ABOUT THIS TASK ▸ Restate every line of the material below word for word, skipping the images.

THE DATA ▸
________________
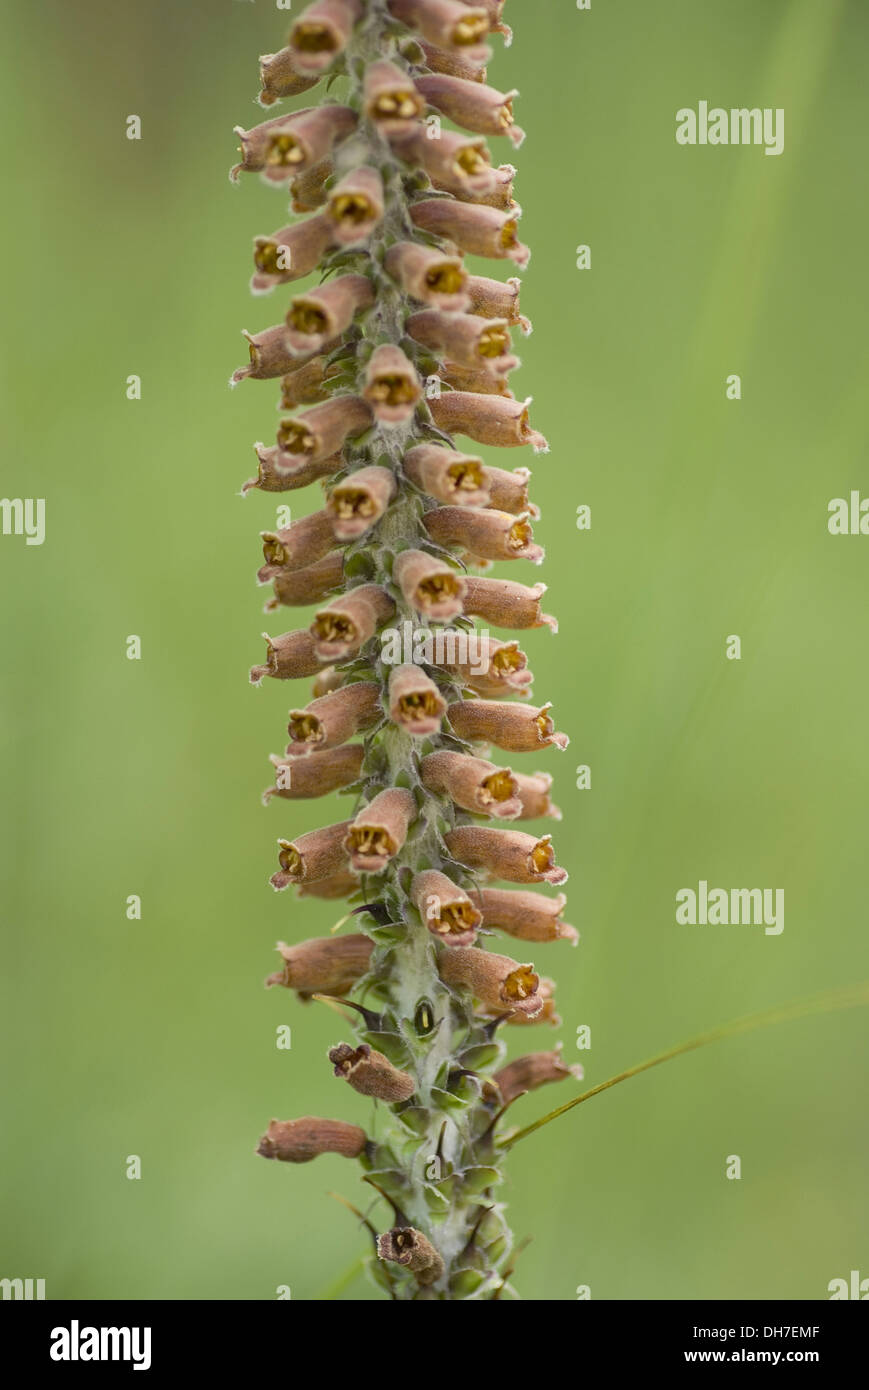 foxglove, digitalis parviflora - Stock Image
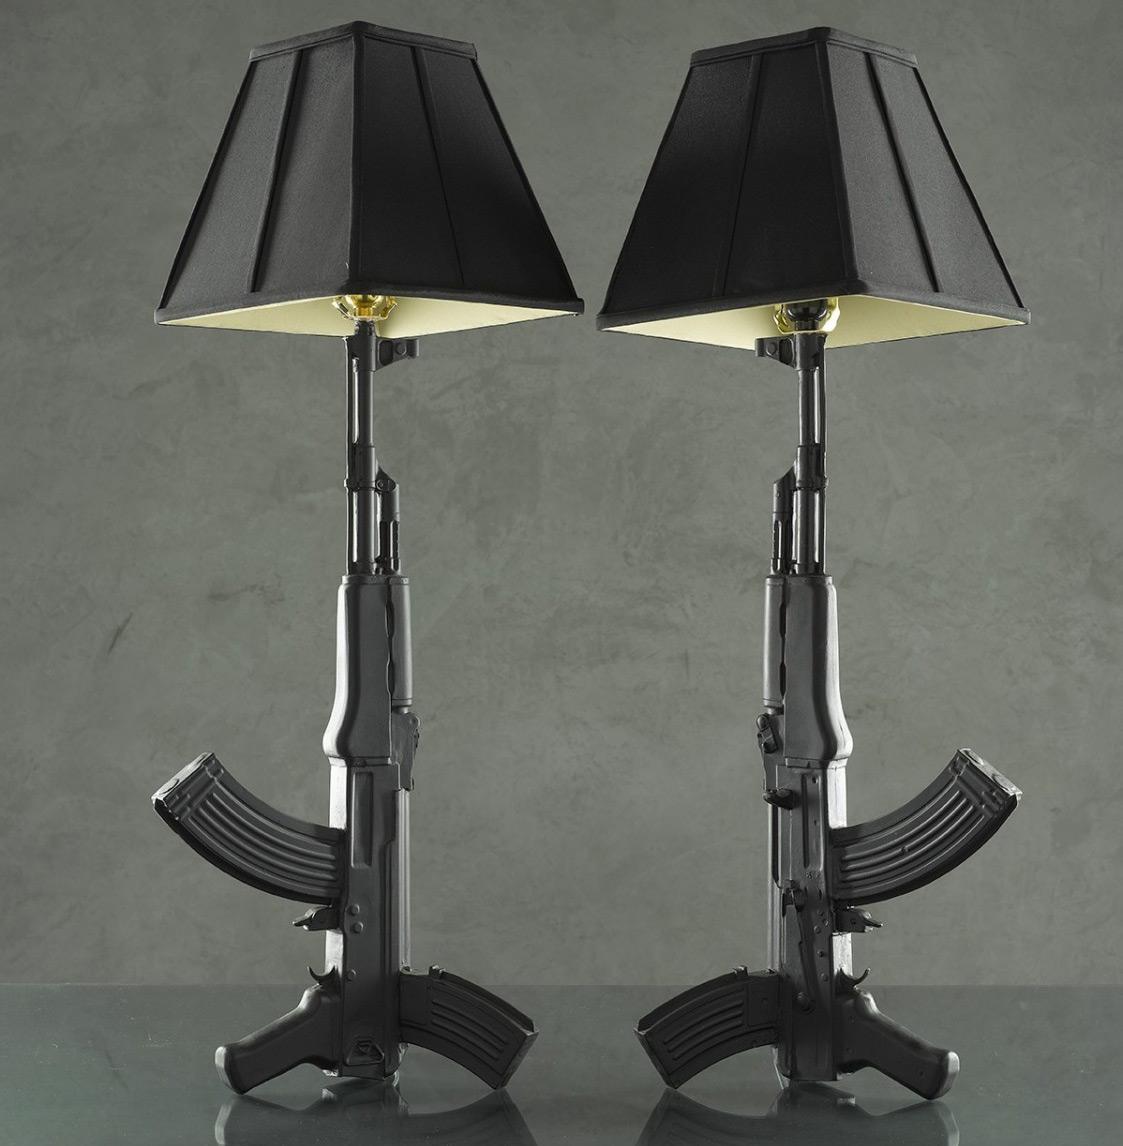 boondock saints lamp intriguing piece for your home warisan lighting. Black Bedroom Furniture Sets. Home Design Ideas
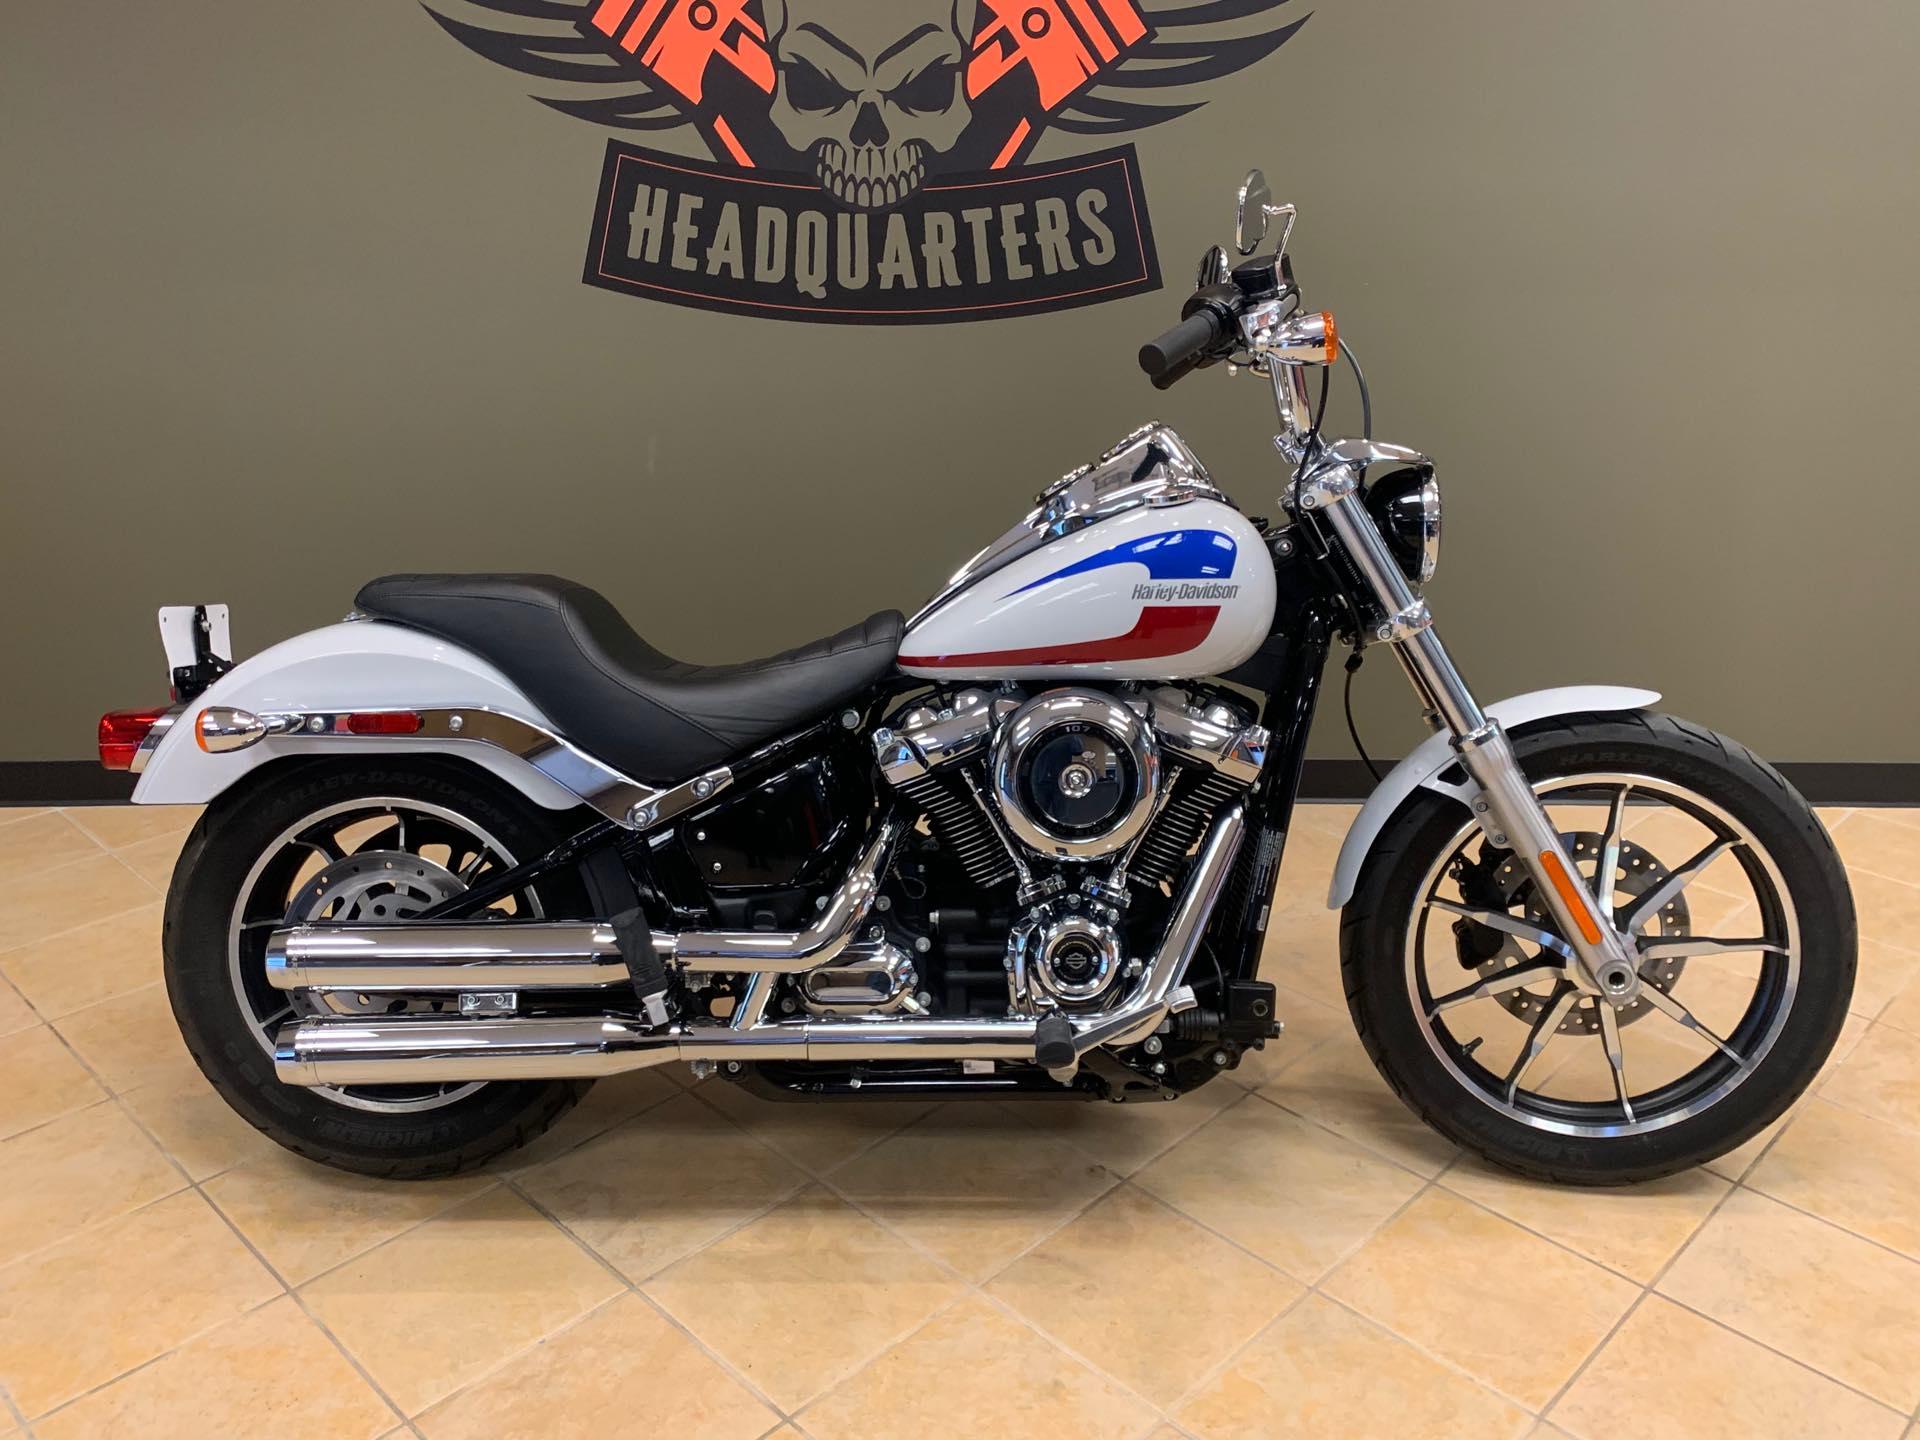 2020 Harley-Davidson Softail Low Rider at Loess Hills Harley-Davidson
________________
ANSWER FOR THIS EXERCISE ▸
 foxglove, digitalis parviflora - Stock Image
 boondock saints lamp intriguing piece for your home warisan lighting. Black Bedroom Furniture Sets. Home Design Ideas
 2020 Harley-Davidson Softail Low Rider at Loess Hills Harley-Davidson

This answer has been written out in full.